Open Source tools such as OPA Gatekeeper are mature; but require specialized development skillset. Developing policies in Rego language is not for everyone. Cloud providers often provide a policy library that you can bootstrap your platform controls. However, sooner than later, you will need to create your own policies. This means establishing a development lifecycle, policy testing, and release management. If your security team does not have software development skills, this will be a significant hurdle to adoption.

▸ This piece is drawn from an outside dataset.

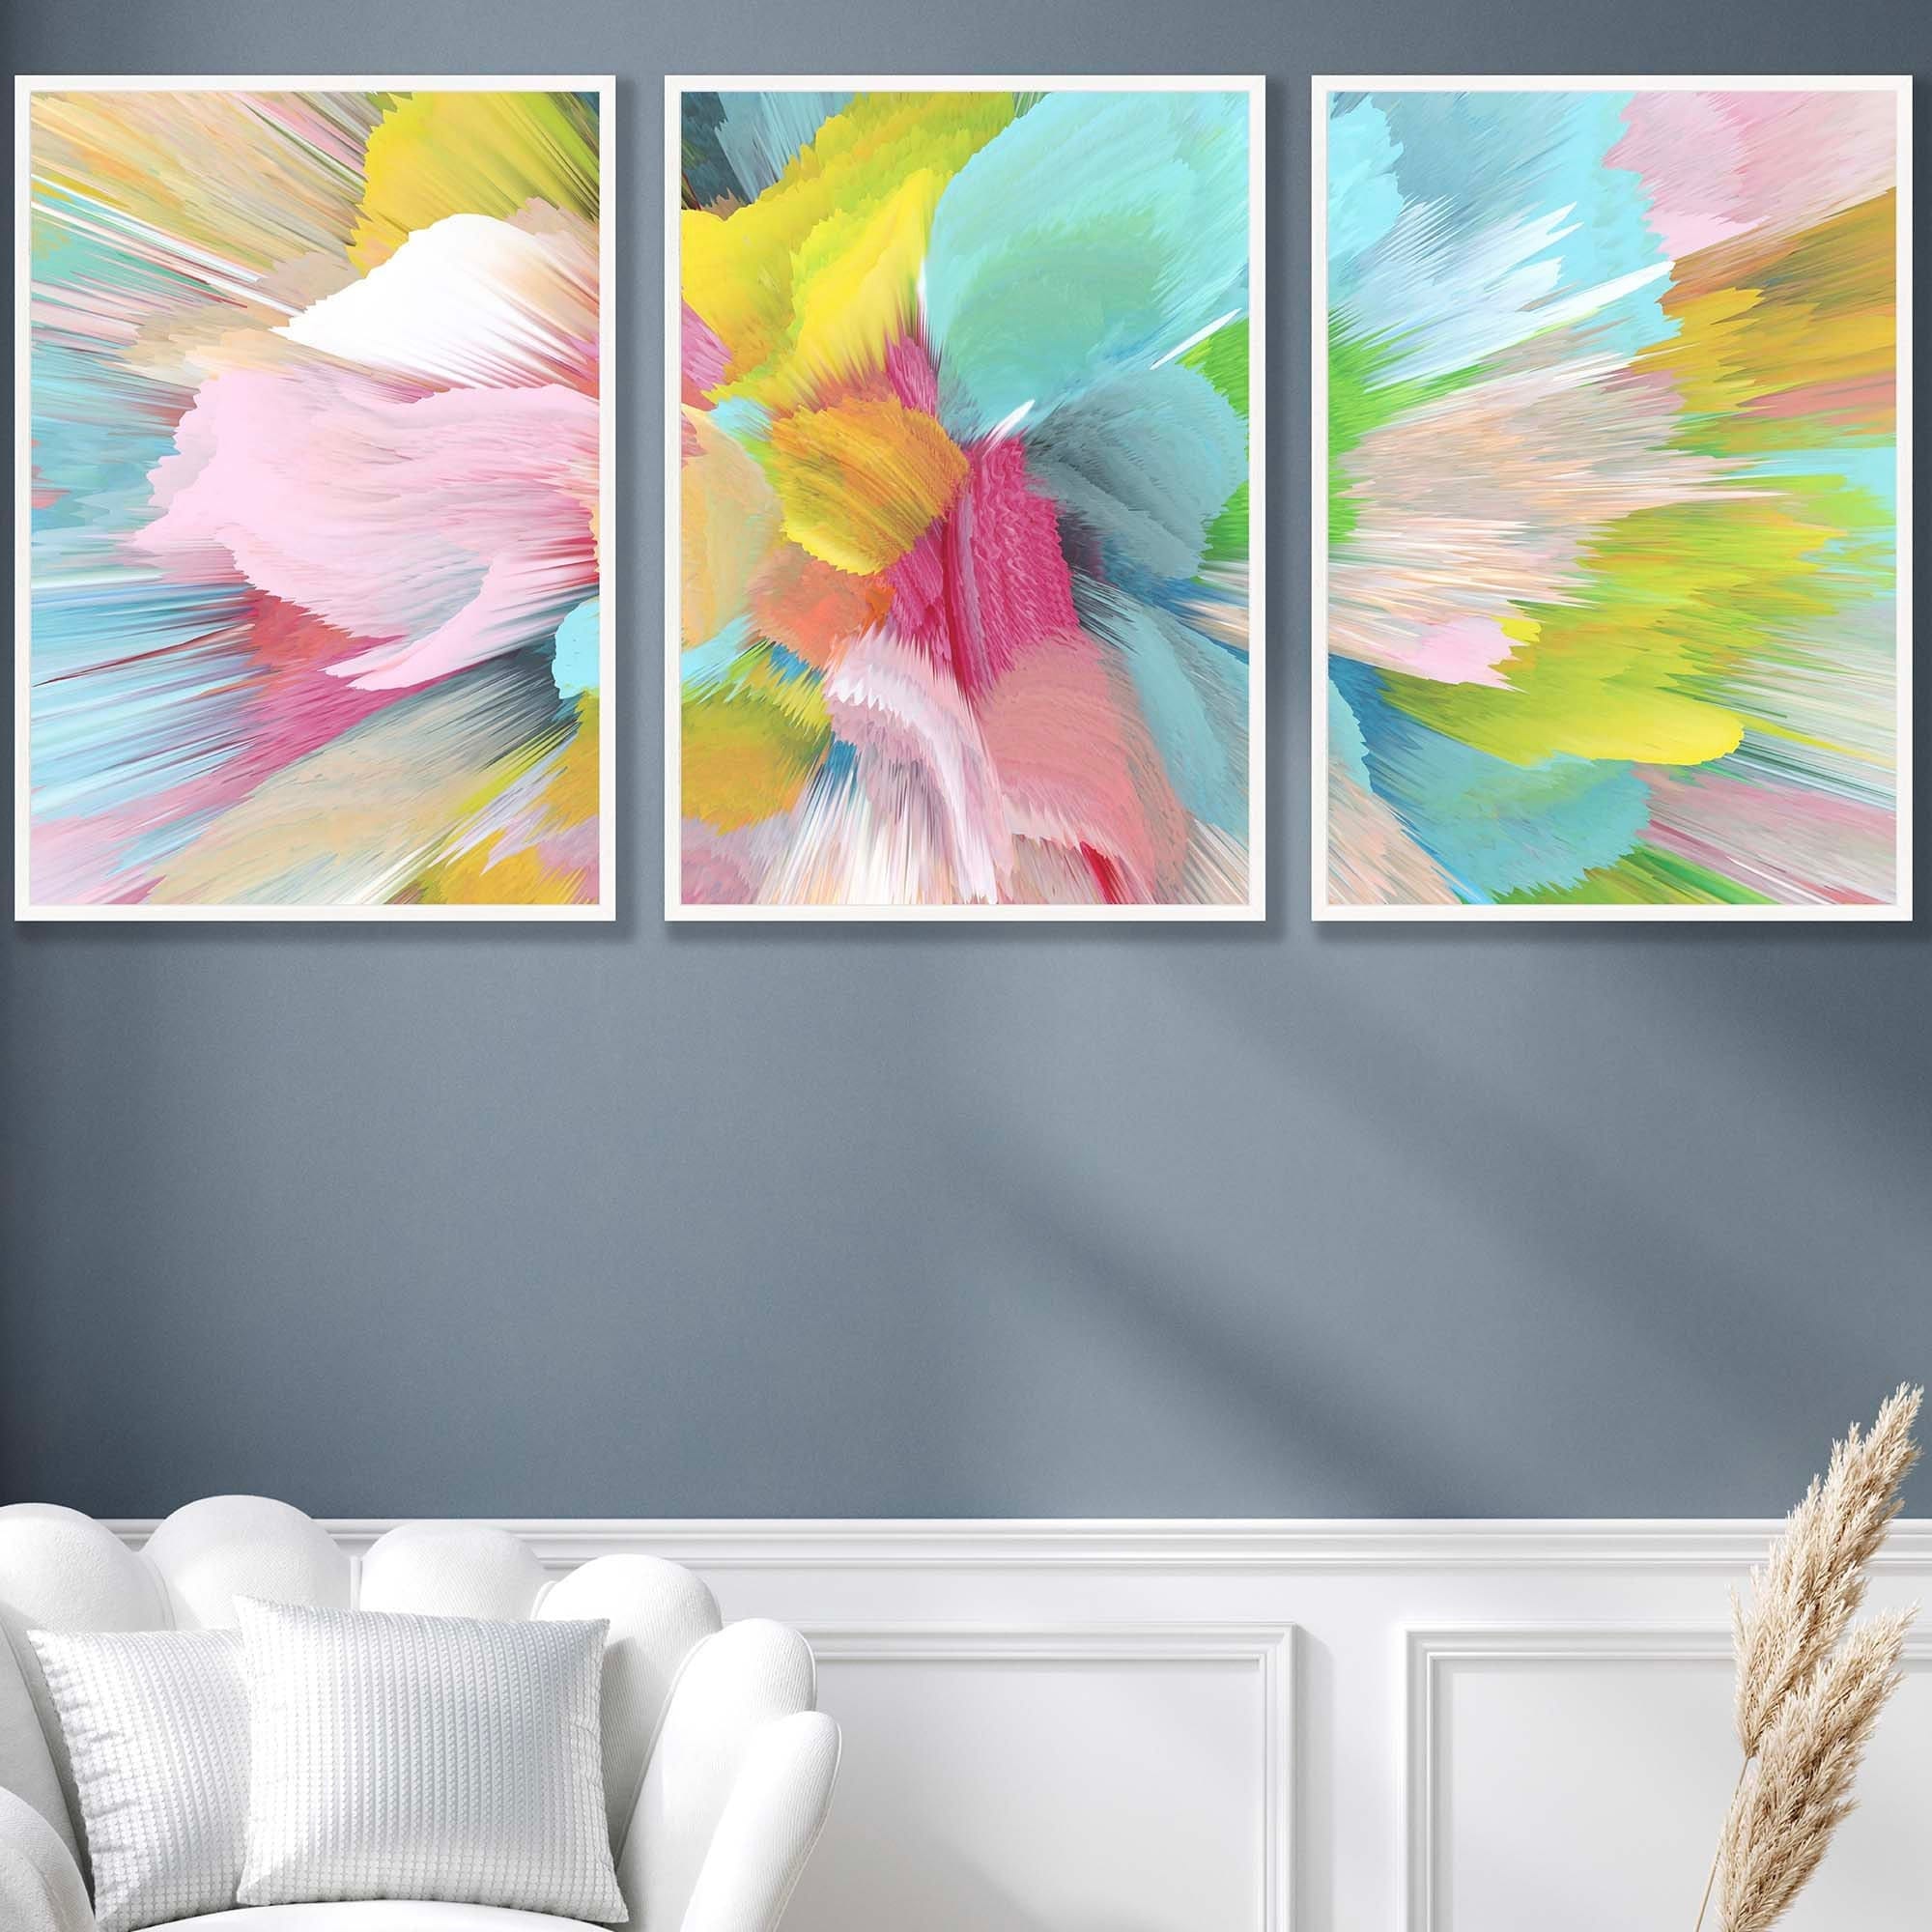 Set of 3 Abstract Bright Painted Fractal Wall Art Prints Framed Colourful Posters | Artze Wall Art UK

Lastly, Cloud Providers will usually have value adds in this space:

  • Azure Policy providing a single pane to view OPA Gatekeeper auditing results & centralized management
  • OPA Gatekeeper as a managed service in either platform (Anthos Policy Controller on GKE, Azure Policy on AKS). Both provide a base set of policies to use.

Key Observations:

  • This is an area where buying over build may be the better option
  • Buying a tool is not enough; like any technology it requires care and feeding
  • You will need multiple tools to cover the full spectrum; avoid overlaps. Where there is overlap, pick a tool for the problem and avoid duplication.
  • Expose the results to your tenants. Central teams don’t have time to chase everything. Shift left and put the accountability where things can be addressed.
  • Defense in depth is important
  • If you have the skills, look at OPA & Kyverno. Make sure to look at existing libraries before developing new policies.